■ **DATA EXTRACT**:
========================================================================

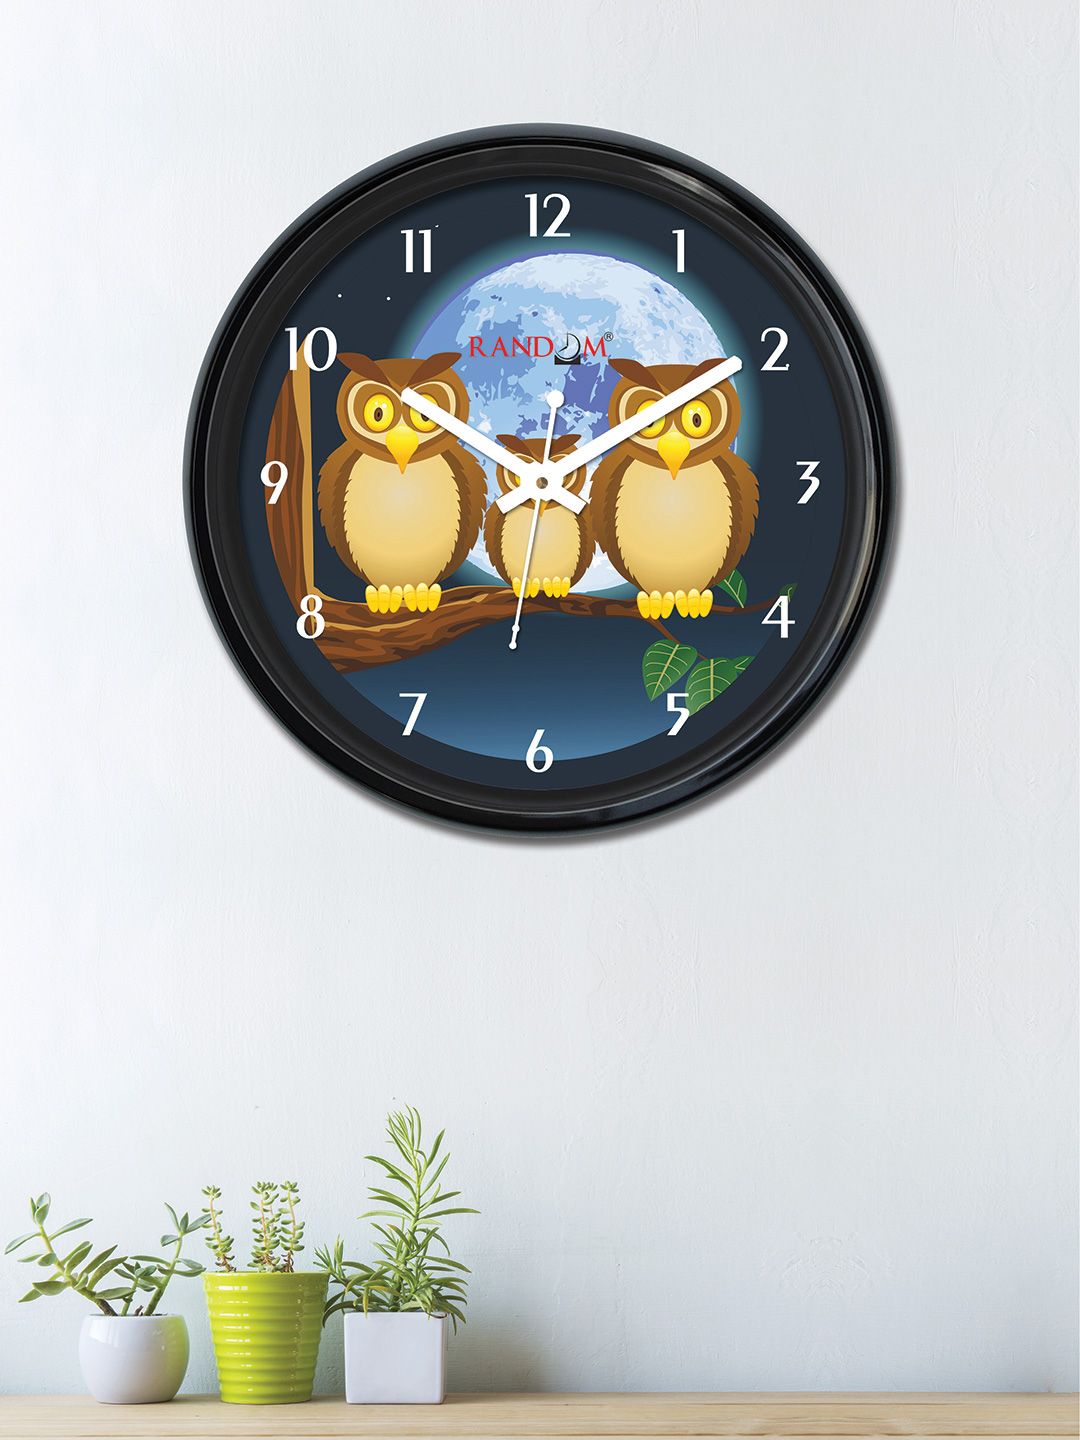 RANDOM Navy Blue & Brown Dial 30 cm x 30 cm Round Printed Analogue Wall Clock Price in India
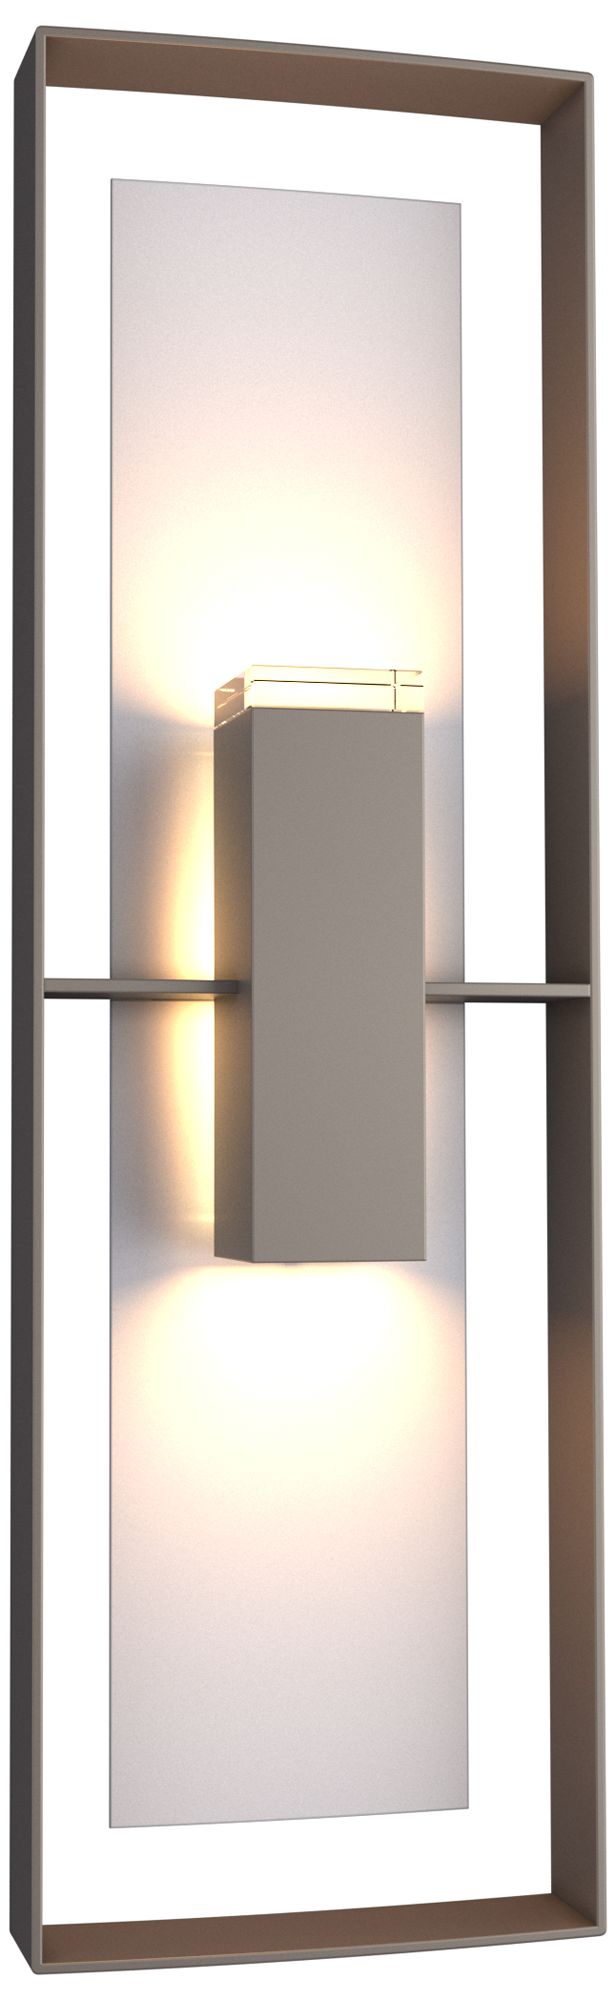 Shadow Box Tall Outdoor Sconce - Smoke Finish - Steel Accents - Clear Glass
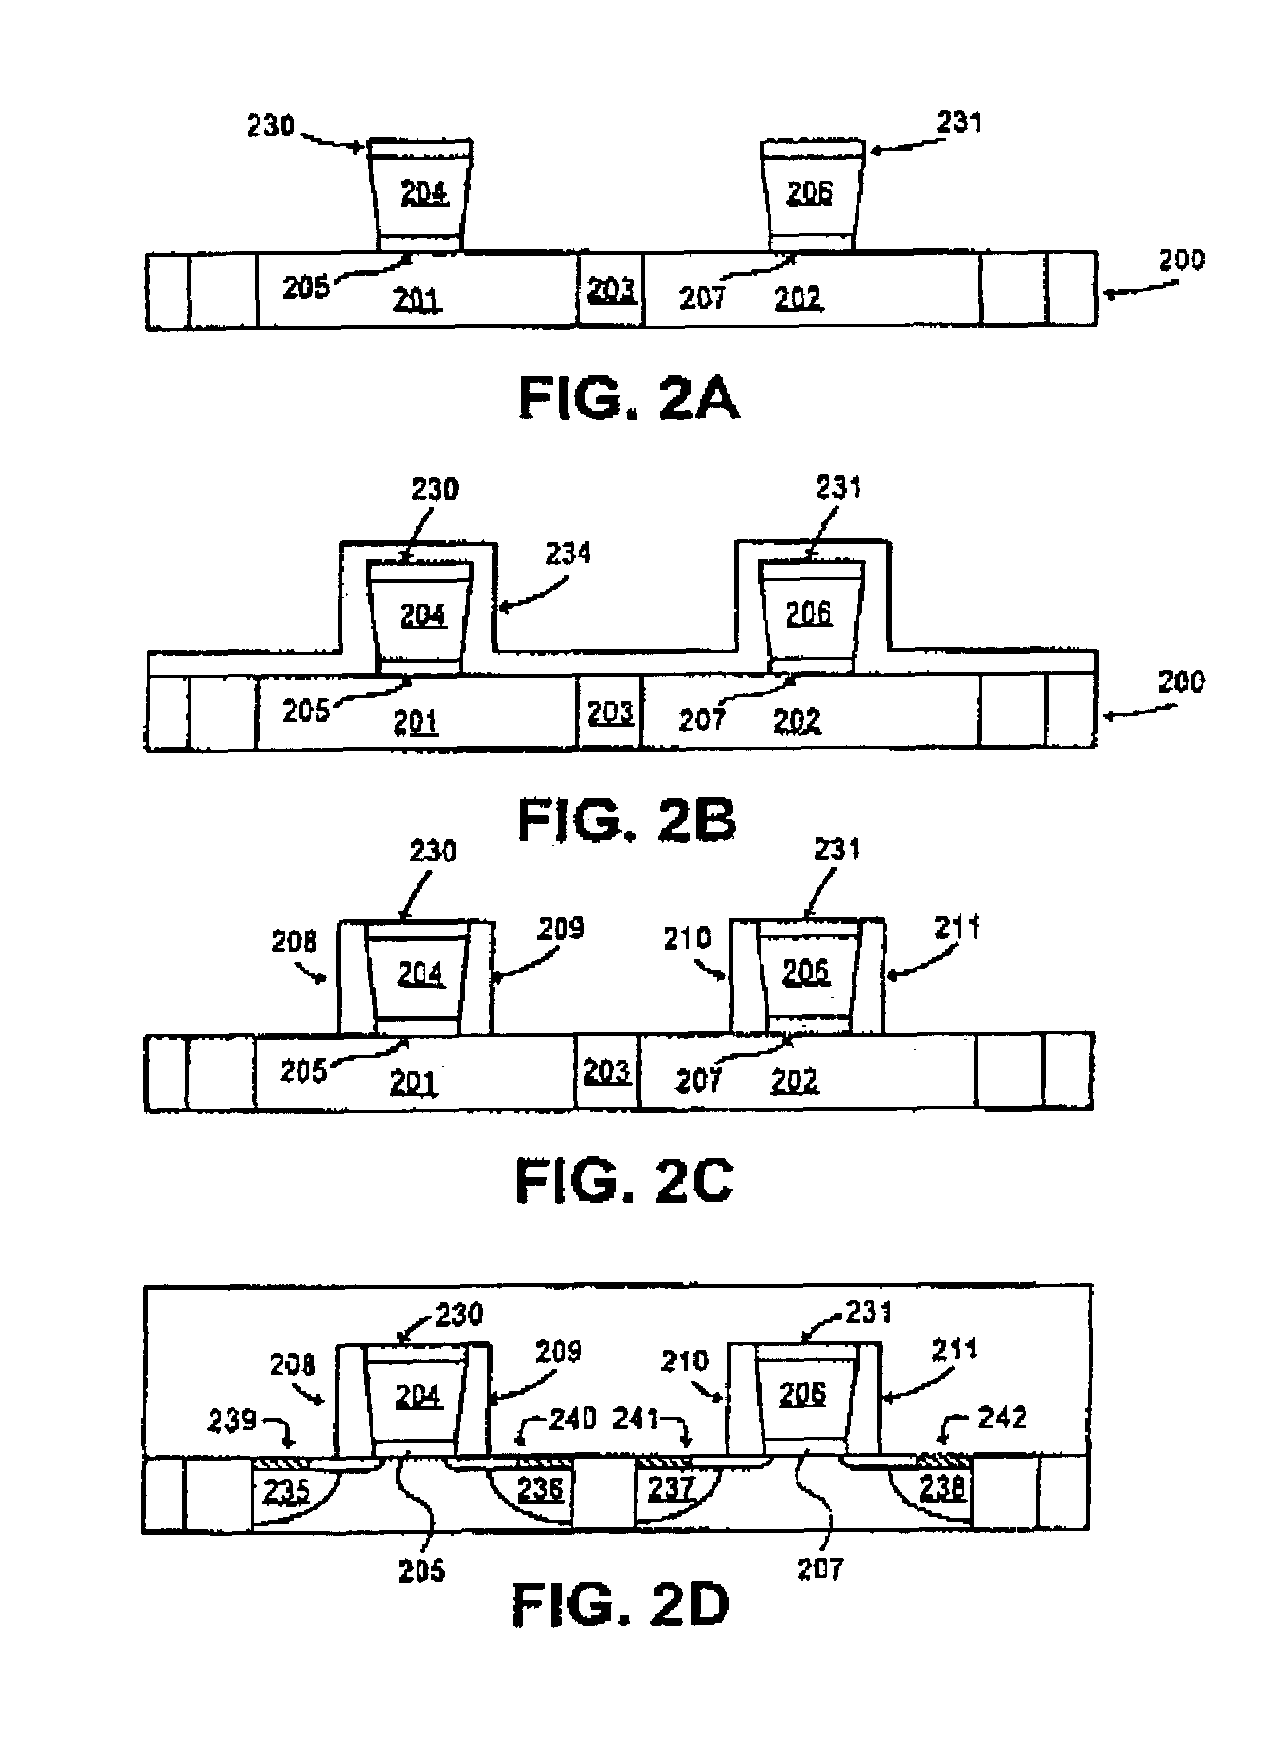 Replacement gate process for making a semiconductor device that includes a metal gate electrode

========================================================================

■ **INSTRUCTIONS TO FOLLOW**:
Please output each line above exactly and omit all images.

■ **ANSWER FOR THE TASK**:
 RANDOM Navy Blue & Brown Dial 30 cm x 30 cm Round Printed Analogue Wall Clock Price in India
 Shadow Box Tall Outdoor Sconce - Smoke Finish - Steel Accents - Clear Glass
 Replacement gate process for making a semiconductor device that includes a metal gate electrode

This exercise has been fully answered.